John Spencer

Biographical details
- Born: March 4, 1937 Denver, Colorado, U.S.
- Died: July 10, 2021 (aged 84)
- Alma mater: Shepherd College Appalachian State Teachers College

Playing career

Football
- 1957–1960: Shepherd
- Position: Tackle

Coaching career (HC unless noted)

Football
- 1961–1965: Gardner–Webb (assistant)
- 1966: Shepherd (line)
- 1967: Bridgewater (assistant)
- 1968–1984: Bridgewater
- 1985–2002: Bridgewater (LB)

Track and field
- 1961–1965: Gardner–Webb

Head coaching record
- Overall: 56–93–3 (football)

Accomplishments and honors

Championships
- Football 1 ODAC (1980)

= John Spencer (American football) =

American football coach (1937–2021)

John Stewart Spencer (March 4, 1937 – July 10, 2021) was an American college football coach.

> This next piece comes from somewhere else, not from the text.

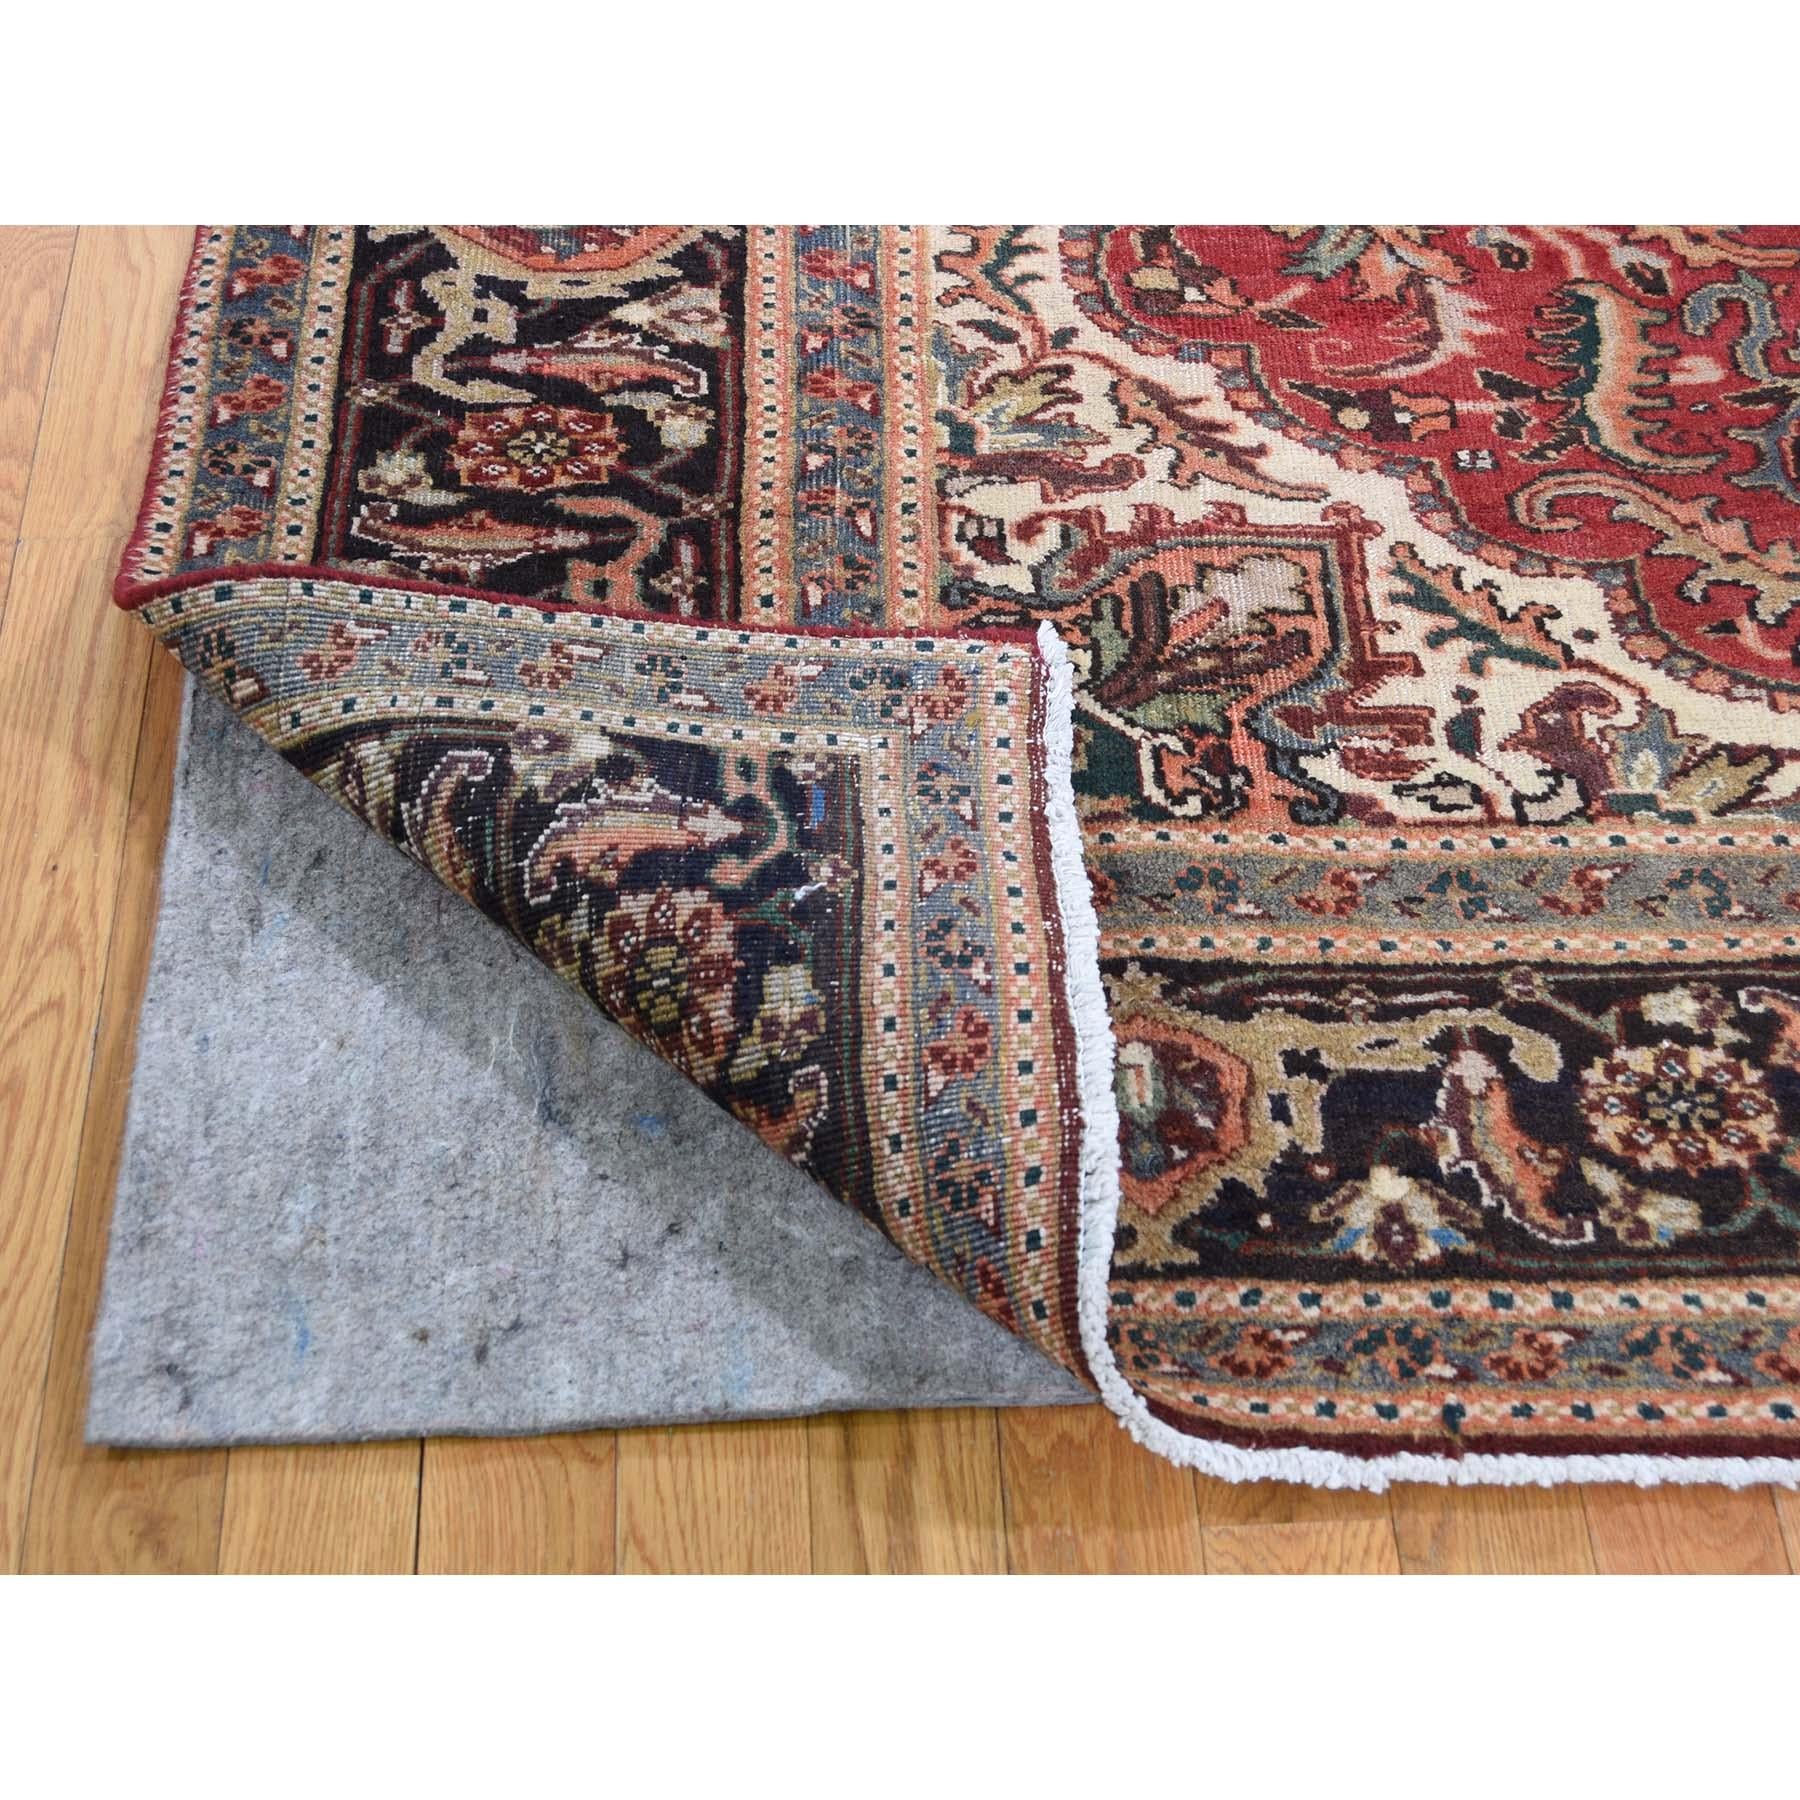 Semi Antique Persian Heriz Some Wear, Clean Hand-Knotted Oriental Rug, 6'4

He was the head football coach for Bridgewater College in Bridgewater, Virginia from 1968 to 1984, compiling a record of 56–93–3.

==Playing career==
Spencer was born in Denver and played high school football at Northwestern Senior High School in Baltimore. He played college football for Shepherd as a tackle.

==Coaching career==
Spencer started his career as an assistant coach for Gardner–Webb in 1961. In 1966, he joined his alma mater, Shepherd, as the line coach. In 1967, he became an assistant coach for Bridgewater. The following year, in 1968, Spencer was named head football coach. In seventeen seasons as head coach, he finished with an overall record of 56–93–3. His best season came in 1980 when he led his team to a 6–3 record and an Old Dominion Athletic Conference (ODAC) title. He resigned following the 1984 season. From 1985 until his retirement in 2002, he served as the linebackers coach through four coaching tenures: Joe Bush, Dan Antolik, Max Lowe, and Mike Clark.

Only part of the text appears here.